* SUPPLIED MATERIAL:
---

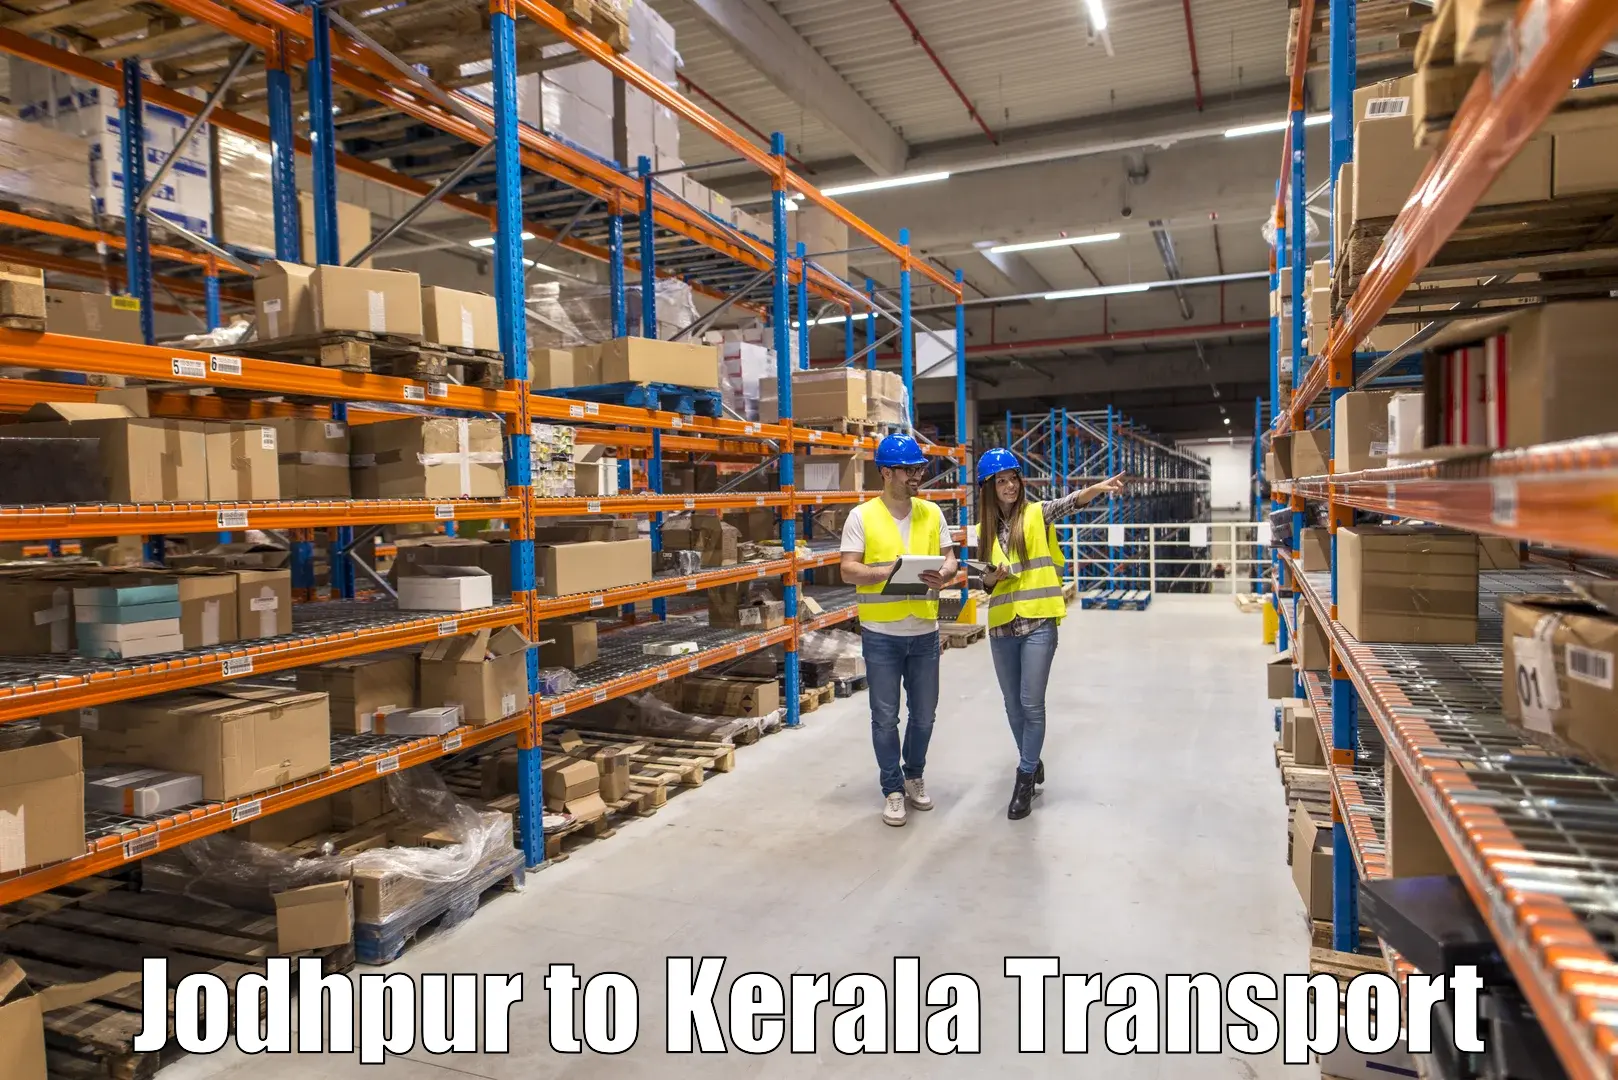 Lorry transport service in Jodhpur to Kallikkad
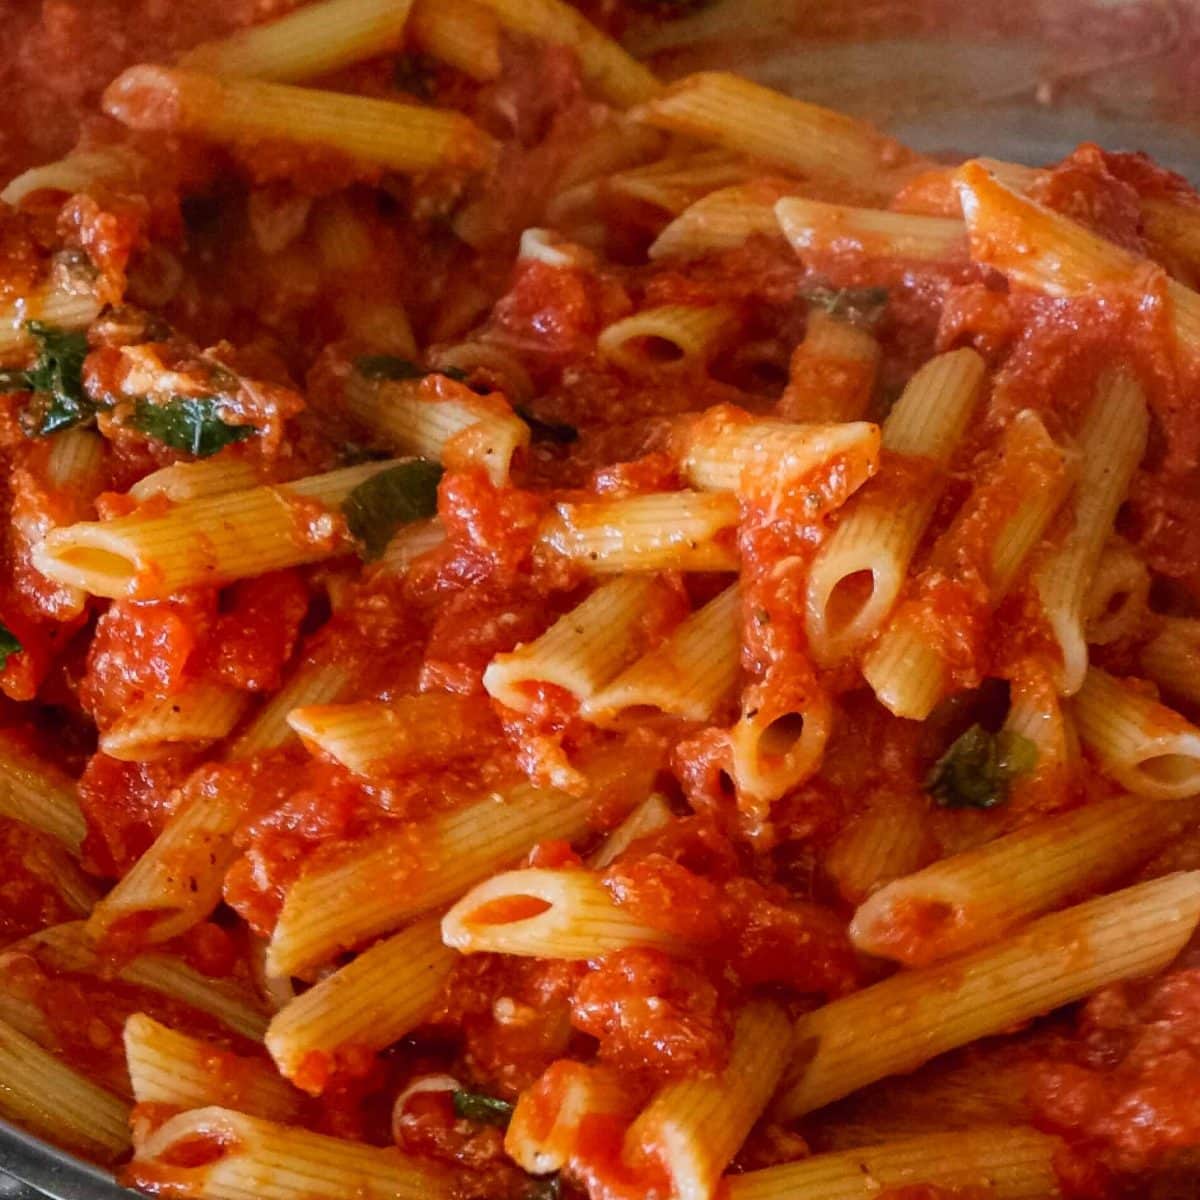 pasta mixed into sauce
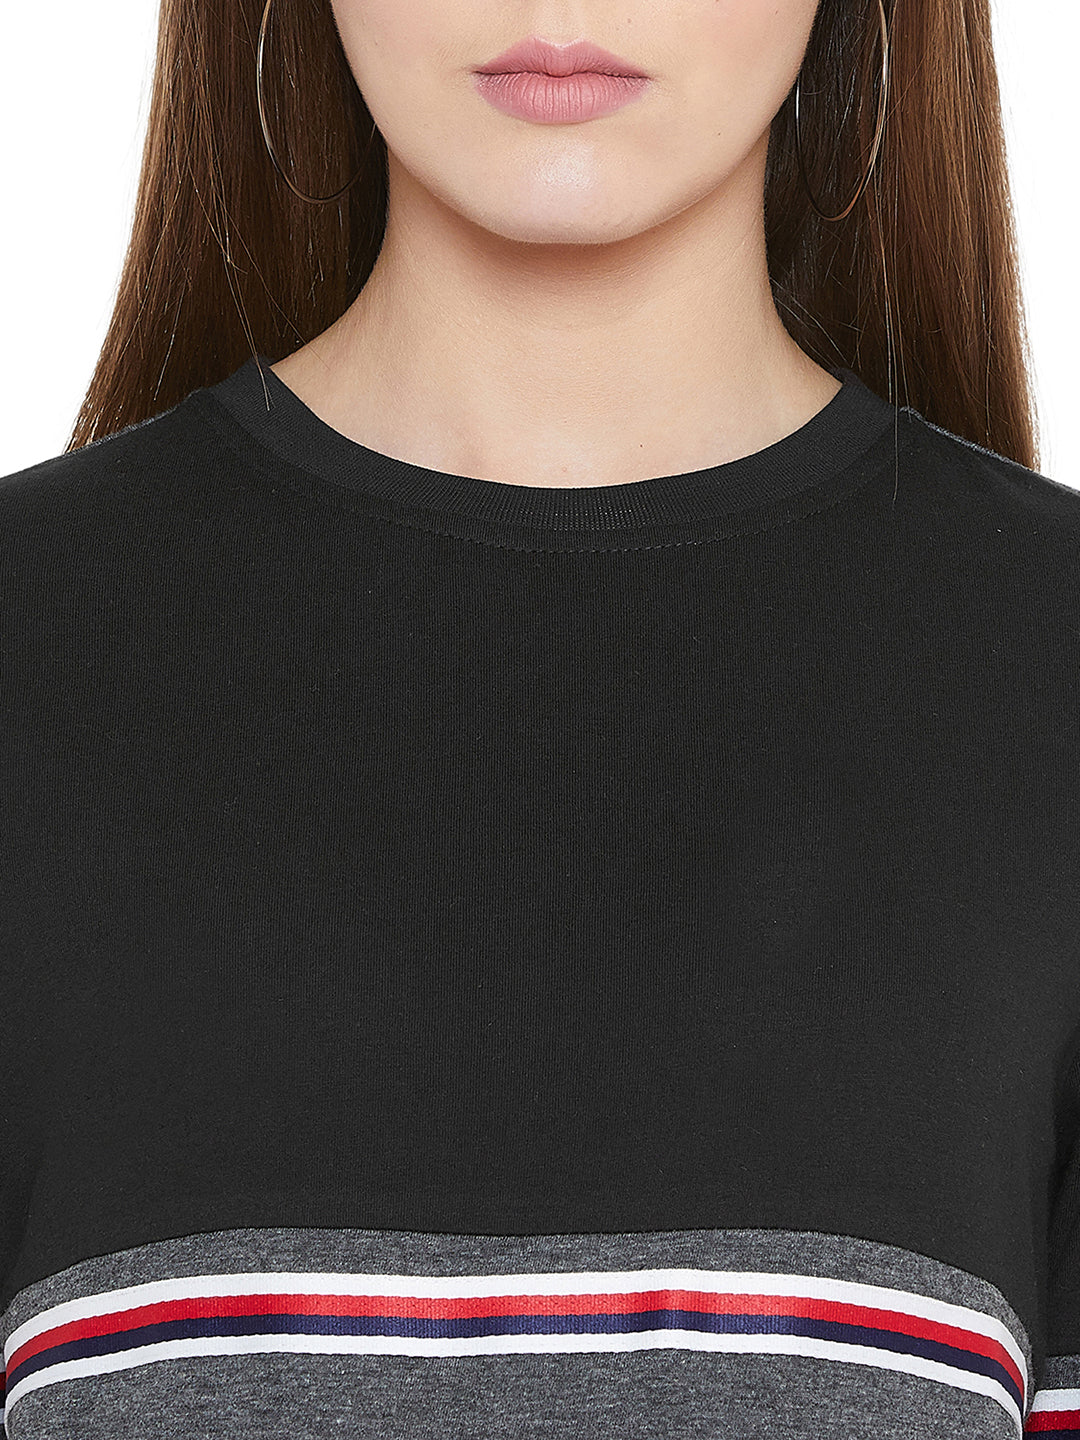 Black/Anthramelange Full Sleeves Color Block Taping Full Sleeves T-Shirt
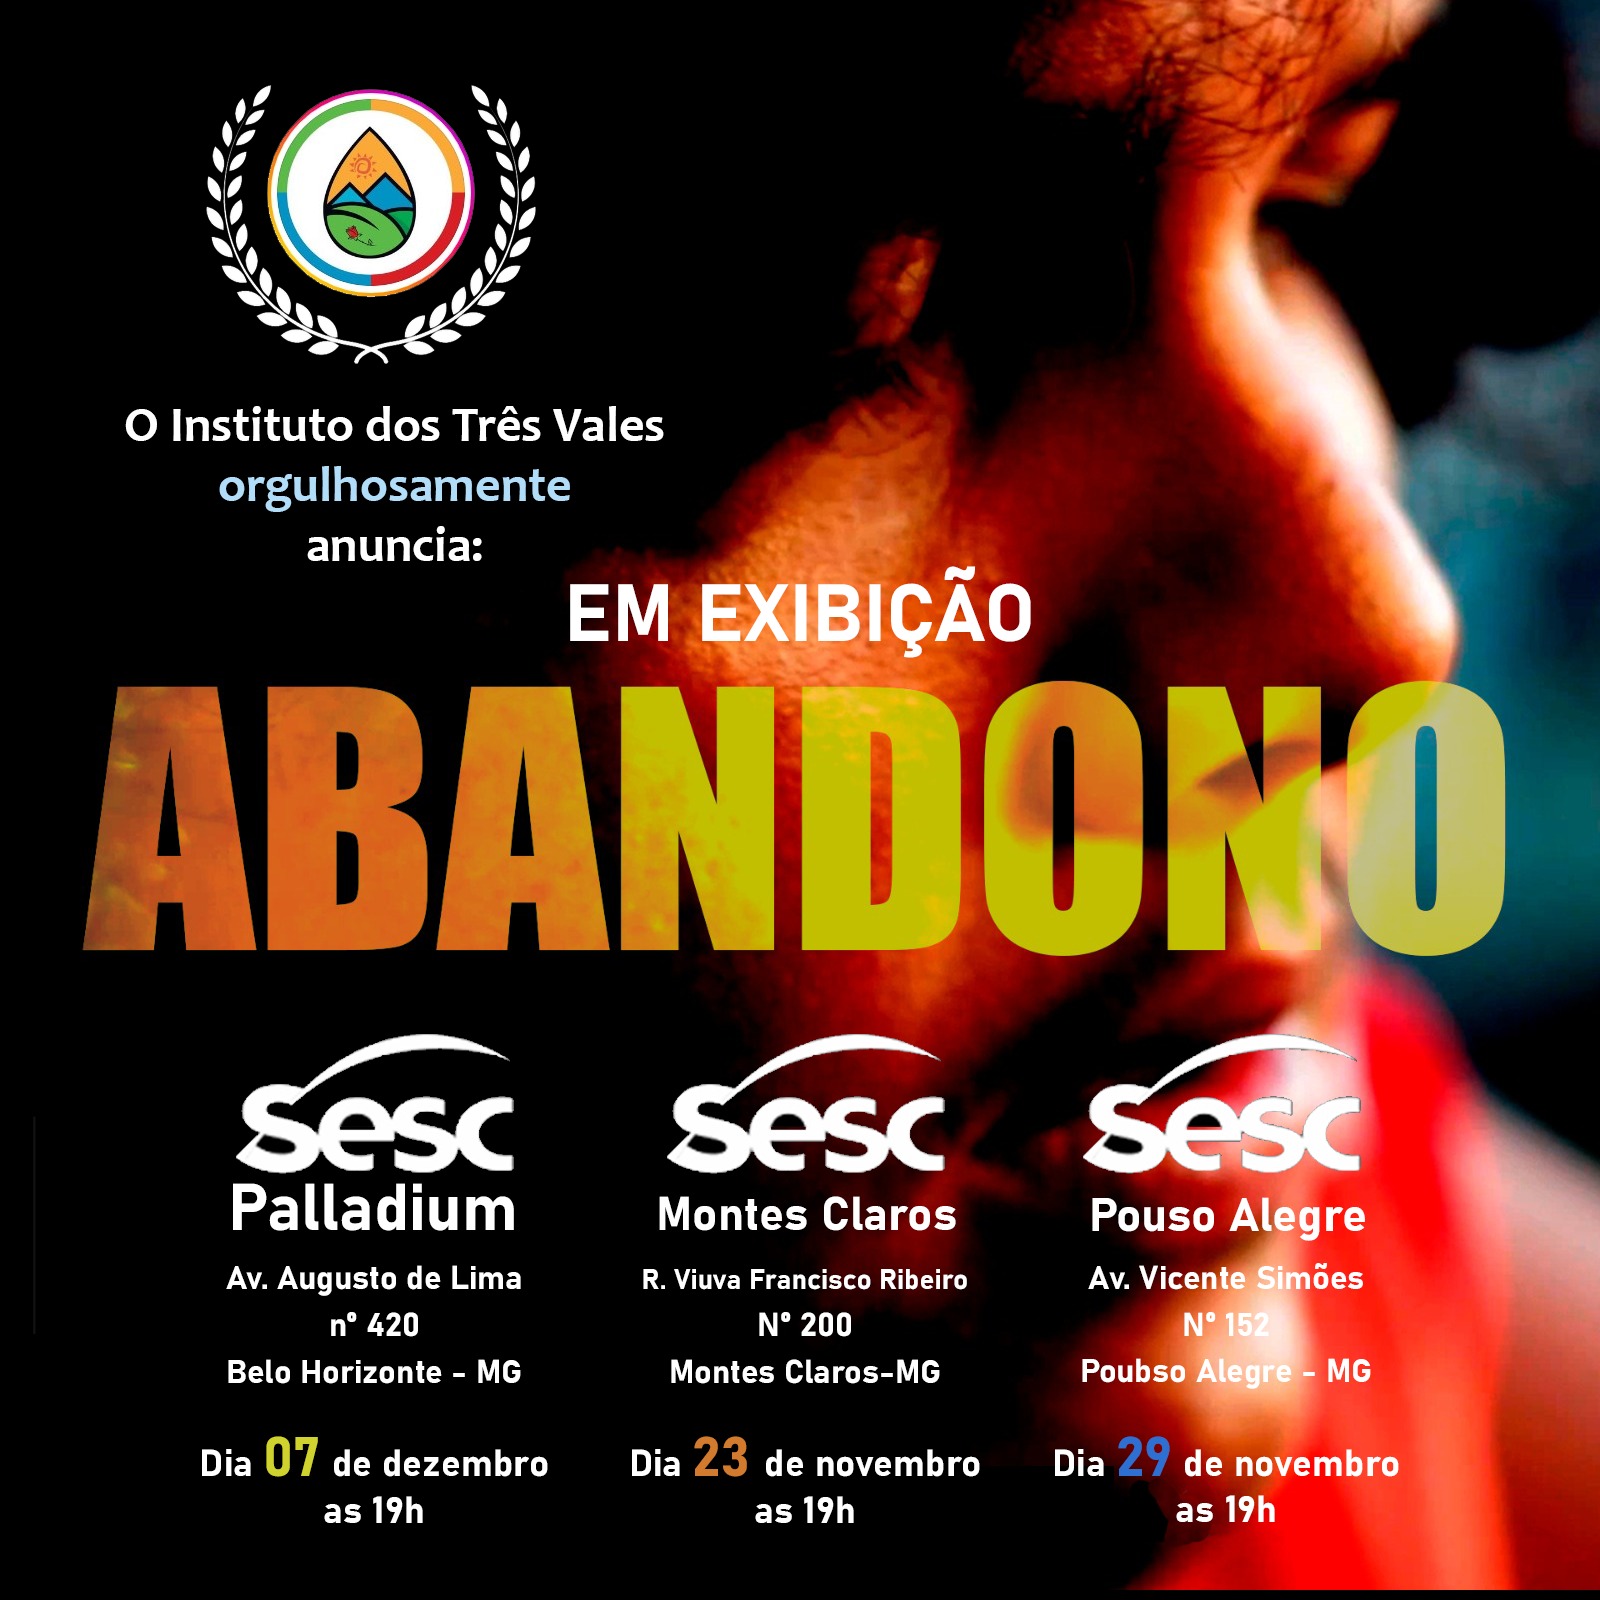 Filme de Teófilo Otoni “Abandono” está em exibição no Sesc Palladium e representa o cinema estadual no cenário nacional

---

* WHAT THE EXERCISE ASKS: Print all of the material exactly. Omit pictures.

* PROBLEM SOLUTION:
 Lorry transport service in Jodhpur to Kallikkad
 pasta mixed into sauce
 Black/Anthramelange Full Sleeves Color Block Taping Full Sleeves T-Shirt
 Filme de Teófilo Otoni “Abandono” está em exibição no Sesc Palladium e representa o cinema estadual no cenário nacional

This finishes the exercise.